How ‘Account Abstraction’ Could Impact The Crypto Landscape?

Charles Guillemet, CTO at Ledger, explores how the concept of “Account Abstraction” will radically improve user experience in crypto and why hardware wallets will serve as foundational roots of trust in this new paradigm.

The global internet revolution has ushered in an undeniable wave of digitization that is now spreading to the very concept of ownership with the rise of blockchain technologies. As we navigate this transition from one Internet era to the next, from Web2 to Web3, the friction for users only seems to intensify. Blockchain interactions remain complex and primitive; they lack security and ease of use, especially regarding account management and logins, deterring too many from entering the crypto field. 

Account Abstraction, a blockchain-enabled technology allowing people to use smart contracts as their accounts and set their own flexible rules for wallet management, is a significant promise to alleviate this friction and inculcate enhanced user rules and security measures in the crypto space. 

In this article, I delve into the concept of Account Abstraction and explore how it could underpin the future of blockchain technologies. 

Externally Owned Account (EOA): blockchains’ initial principle

To fully understand “account abstraction” technologies, one must seize the initial paradigm of blockchains implementation, rooted in what we commonly call “Externally Owned Account” (EOA). 

An EOA works with users generating cryptographic pairs of keys: a public key for creating addresses and a private key allowing their owners to control an account. Within the EOA framework, the signer and the account are the same entity. Once the pair of keys is generated, users prove ownership of the address by computing a digital signature to execute transactions. The decentralized consensus validates these transactions by verifying that the signature is correct and has actually been computed using the private key that corresponds to the given address.

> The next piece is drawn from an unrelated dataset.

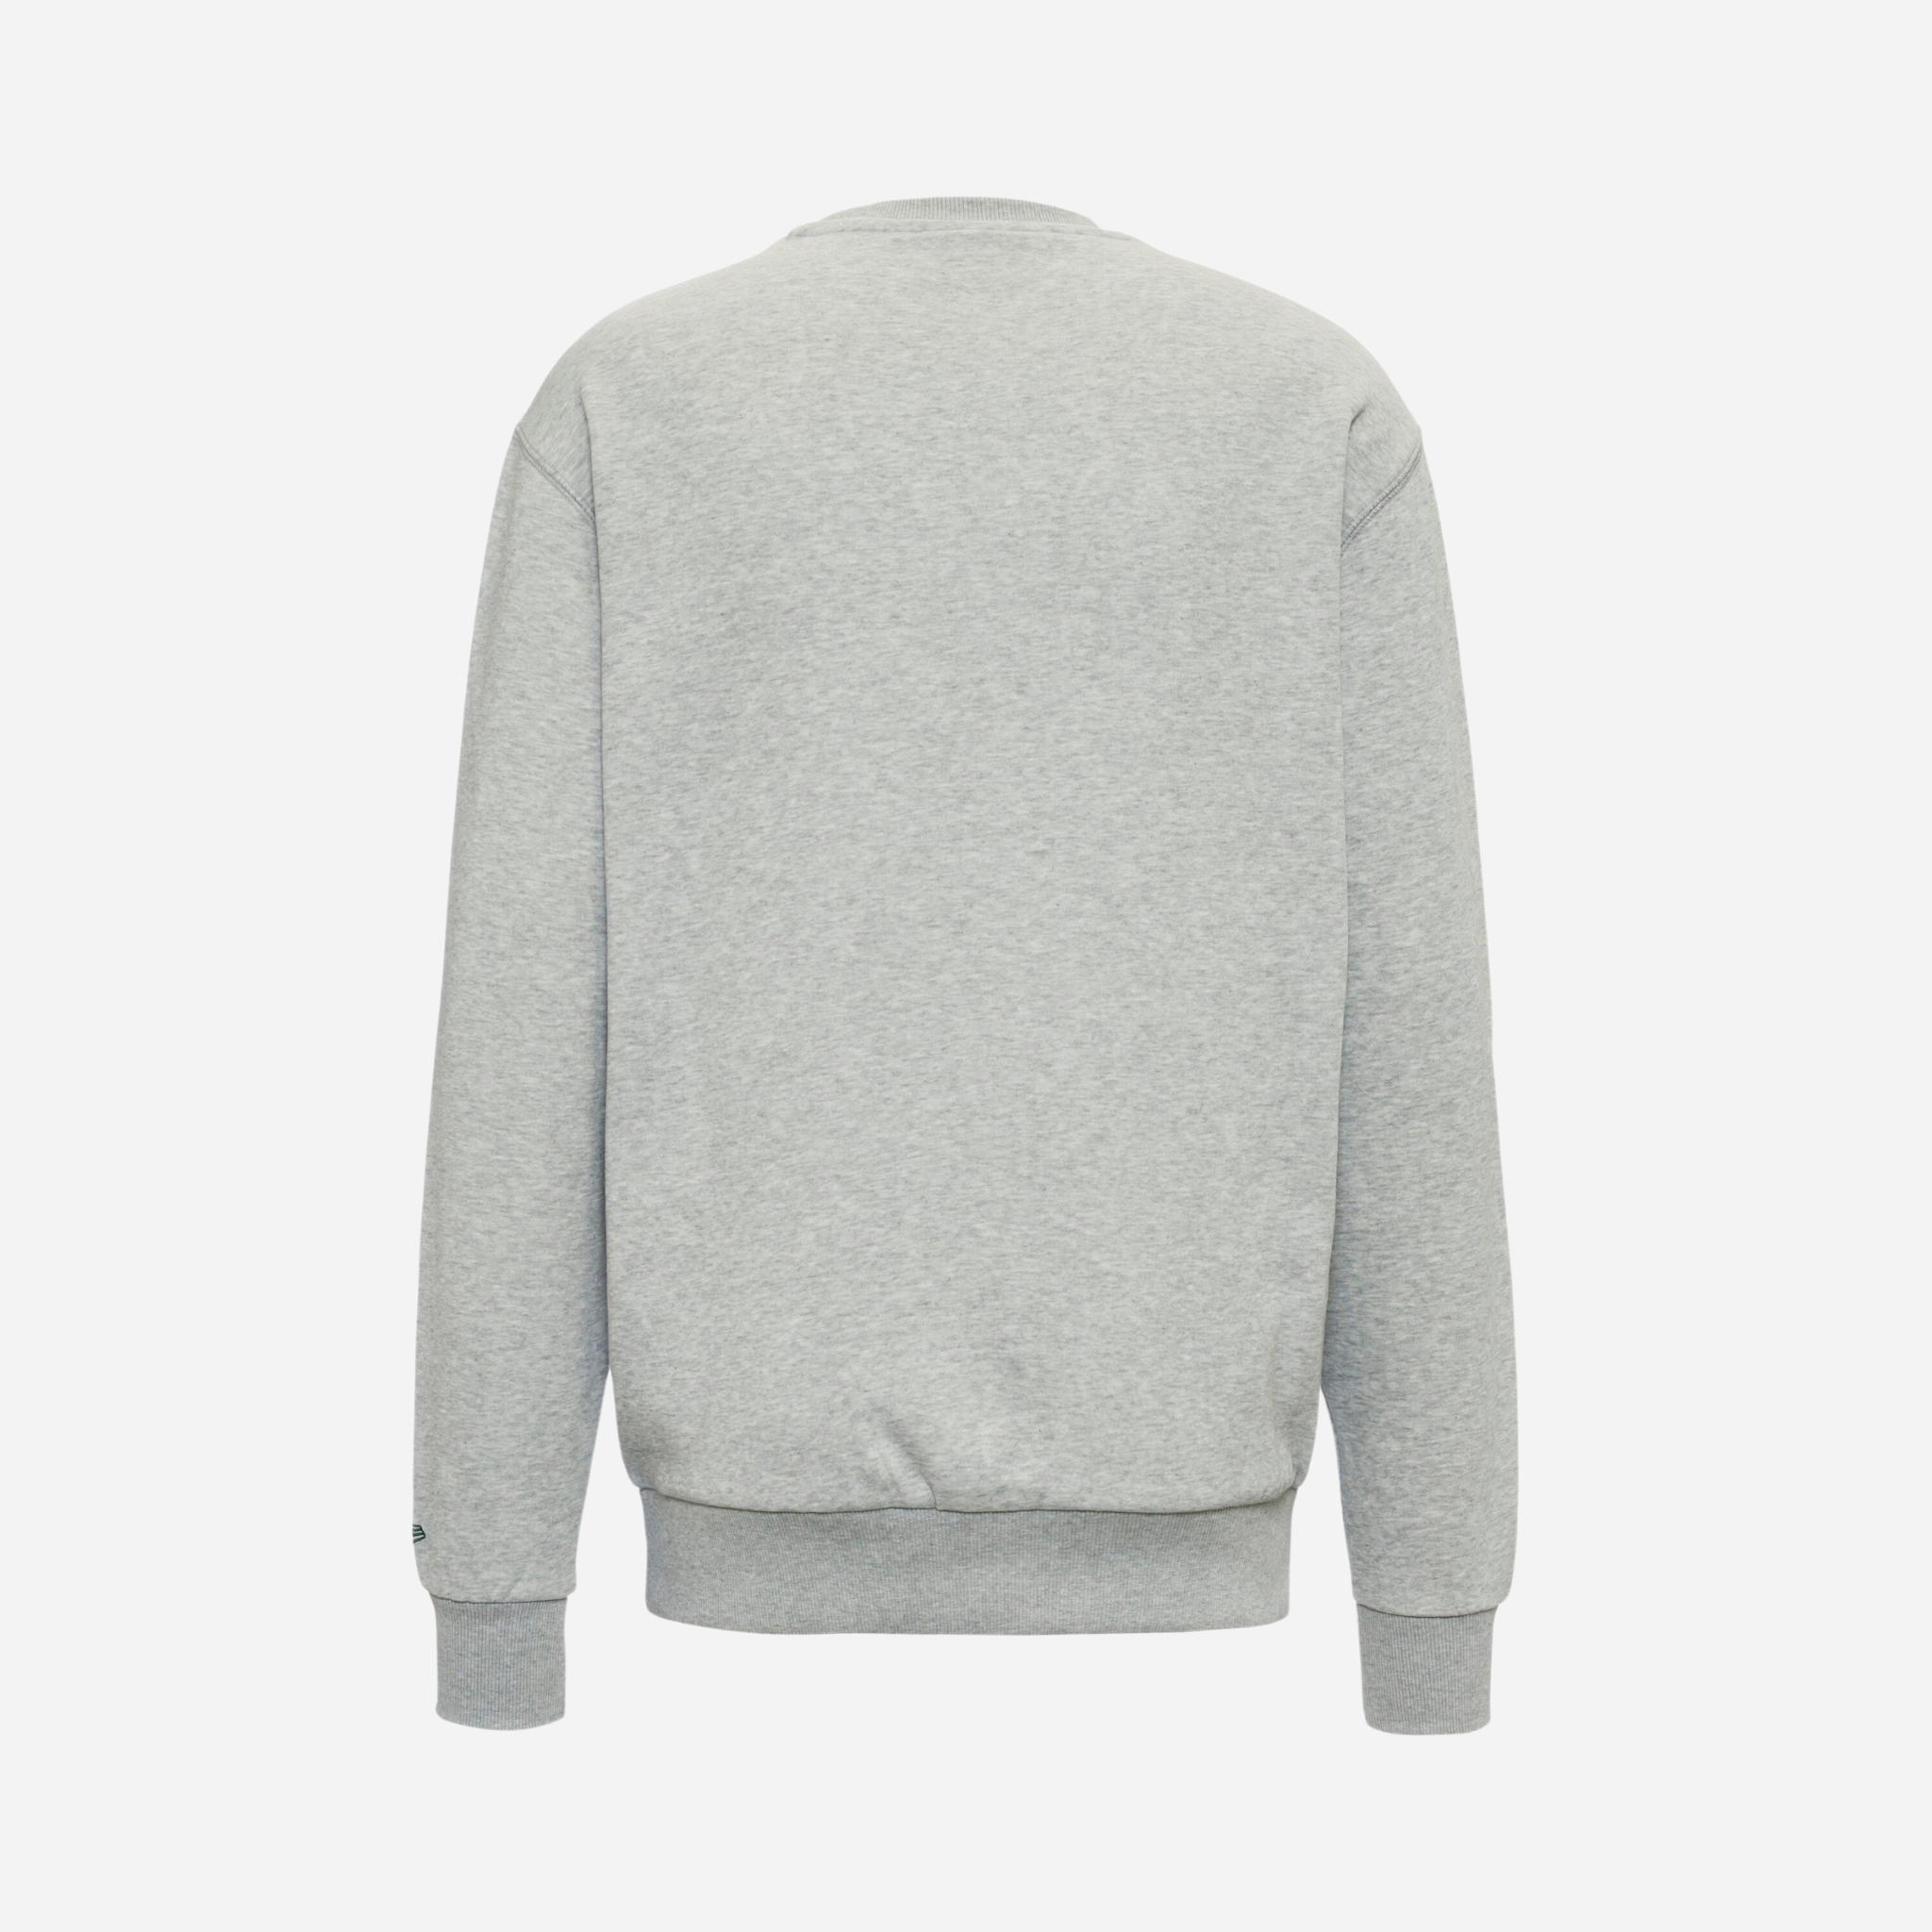 New Era Heritage Sweatshirt Grey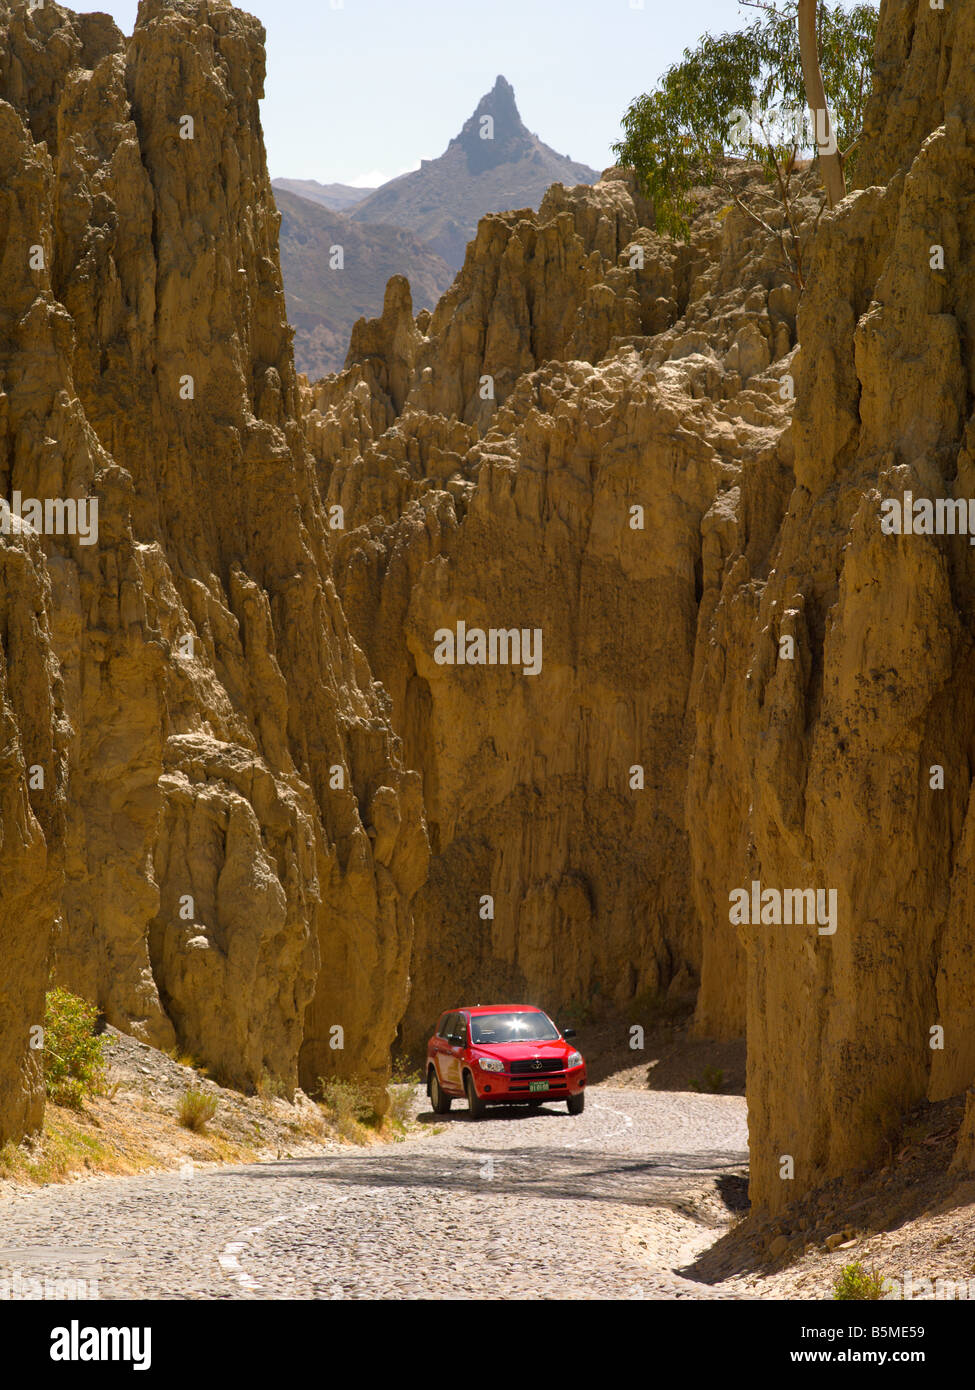 Rotes Auto gewundenen Straße gelb felsiger Berg Reise touristischen Höhepunkt Kurve vertikal 4 x 4 LKW Panorama Route Landschaft Landschaftsansicht Stockfoto

EOA is at the core of the original design of Bitcoin and Ethereum. Despite being quite elementary, this mechanism is incredibly efficient for a pseudonymous network of users to transfer value in a permissionless environment. However, its design is limiting when it comes to implementing enhanced features such as governance, recovery mechanisms, or more generally code execution. 

Some major blockchain protocols already feature such use cases.

The case of Bitcoin:

Bitcoin has a limited (on purpose) programming language that allows its protocol to enforce on-chain rules when interacting with accounts. For instance, Bitcoin’s scripting language enables users to create multisig wallets that enforce spending rules over the user’s UTXO (unspent transaction output). 

Additionally, timelocks can be implemented, too. For example, on Bitcoin, it’s possible to create a multisig wallet that implements the following rules, as shown in the illustration shown below: 

  • 3 signers are registered on a given wallet.
  • 2 signatures out of 3 are necessary to move funds.
  • No fund can move before a given block.

While the set of rules and the scripting language of Bitcoin may be somewhat limited, they still enable the design of the Lightning network.

The case of Ethereum:

On Ethereum, the design principle is different since the original vision was to create a decentralized, trustless computing machine. Contrary to Bitcoin, the language semantic is Turing complete, enabling to compute anything easily, including the execution of arbitrary programs (smart contracts) that run on-chain and provide trusted computing. These smart contracts also enable enhanced designs and incredible innovations, including Automated Market Makers (AMM). However, Ethereum’s language leads to undecidability problems, but that’s another story.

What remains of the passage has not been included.